-- What is being asked --
In the records below, repeat word for word only the lines starting at the one that contains "Julio Iglesias - From" and ending at the one that contains "Keep Smiling Mask", pictures excluded.

-- Given entries --
□ □ □ □

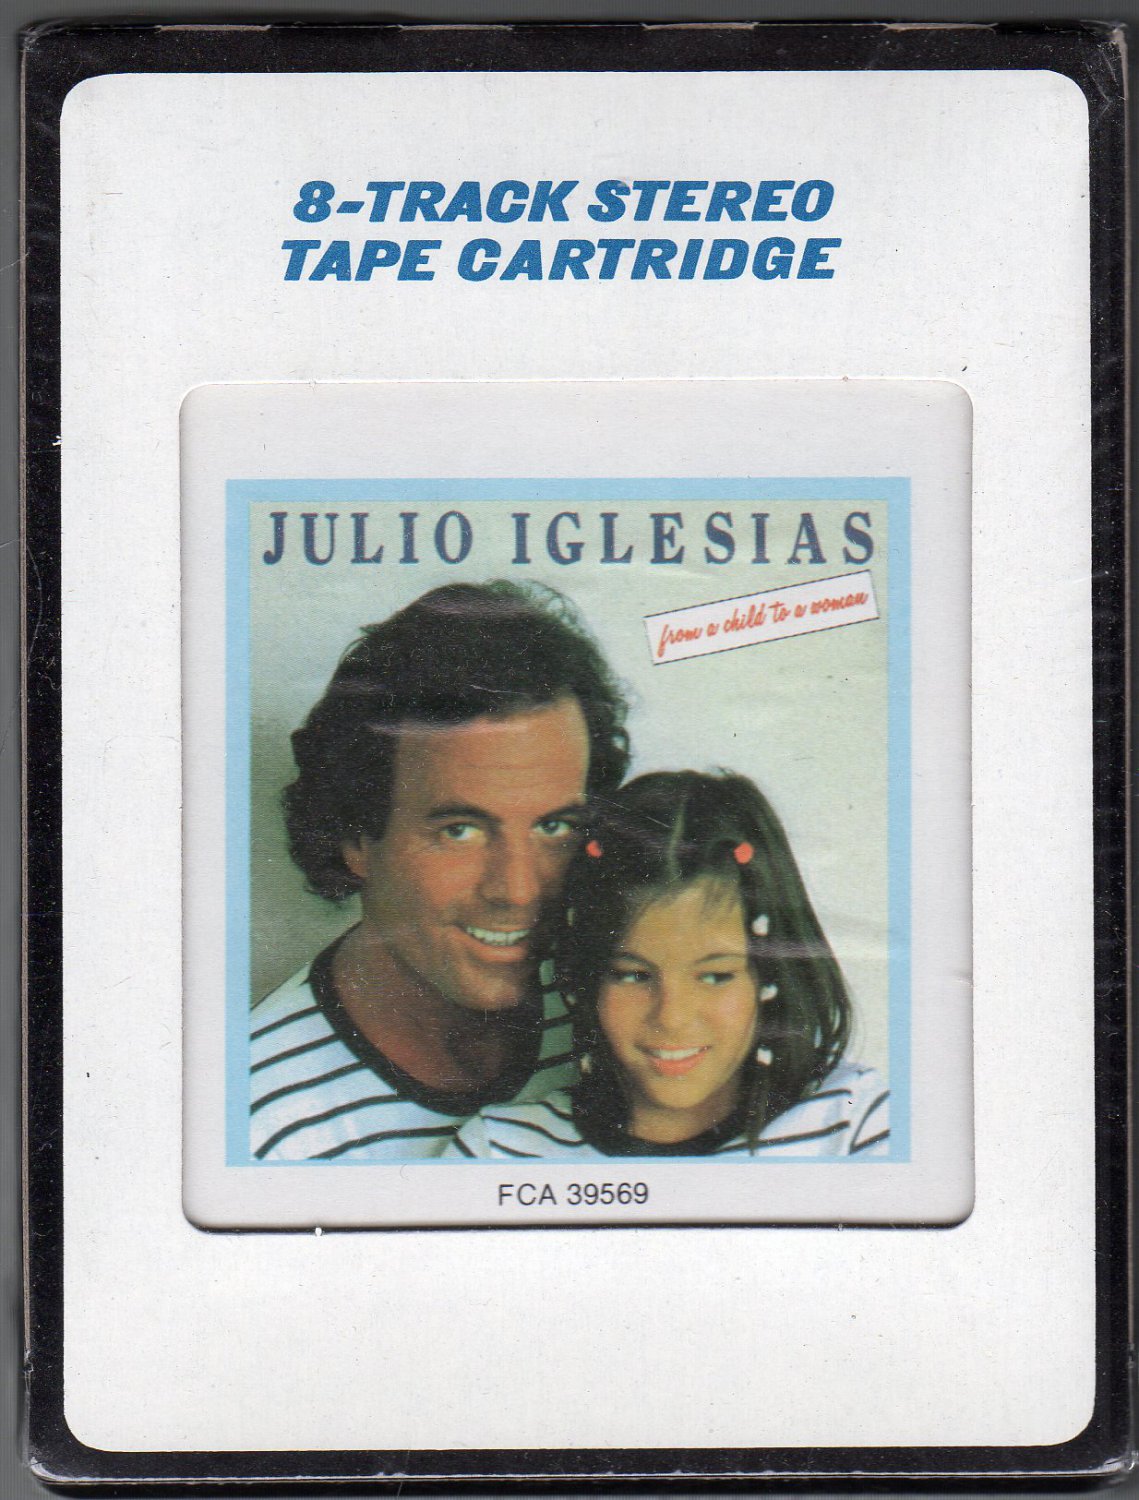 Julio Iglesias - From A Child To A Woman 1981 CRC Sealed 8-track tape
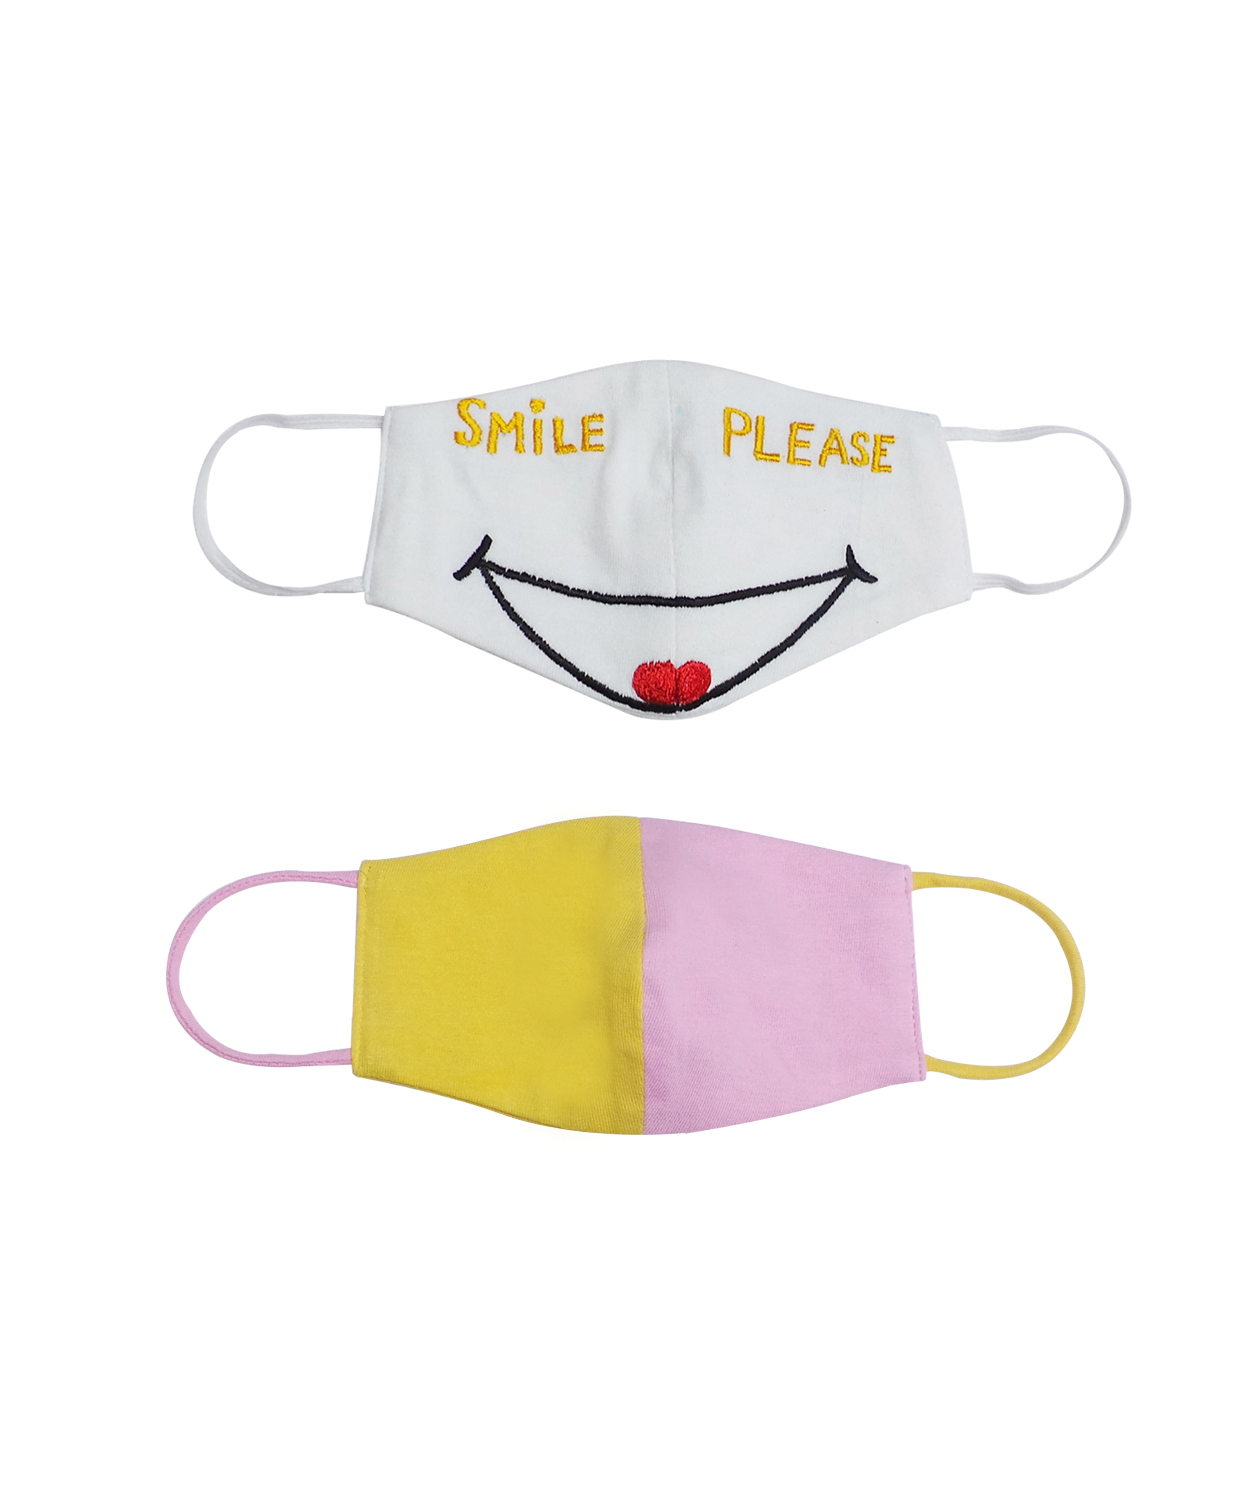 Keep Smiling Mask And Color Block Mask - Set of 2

□ □ □ □

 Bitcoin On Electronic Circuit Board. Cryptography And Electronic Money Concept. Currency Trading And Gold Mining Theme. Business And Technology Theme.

□ □ □ □

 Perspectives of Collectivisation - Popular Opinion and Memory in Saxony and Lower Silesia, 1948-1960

□ □ □ □

-- Answer below --
 Julio Iglesias - From A Child To A Woman 1981 CRC Sealed 8-track tape
 Keep Smiling Mask And Color Block Mask - Set of 2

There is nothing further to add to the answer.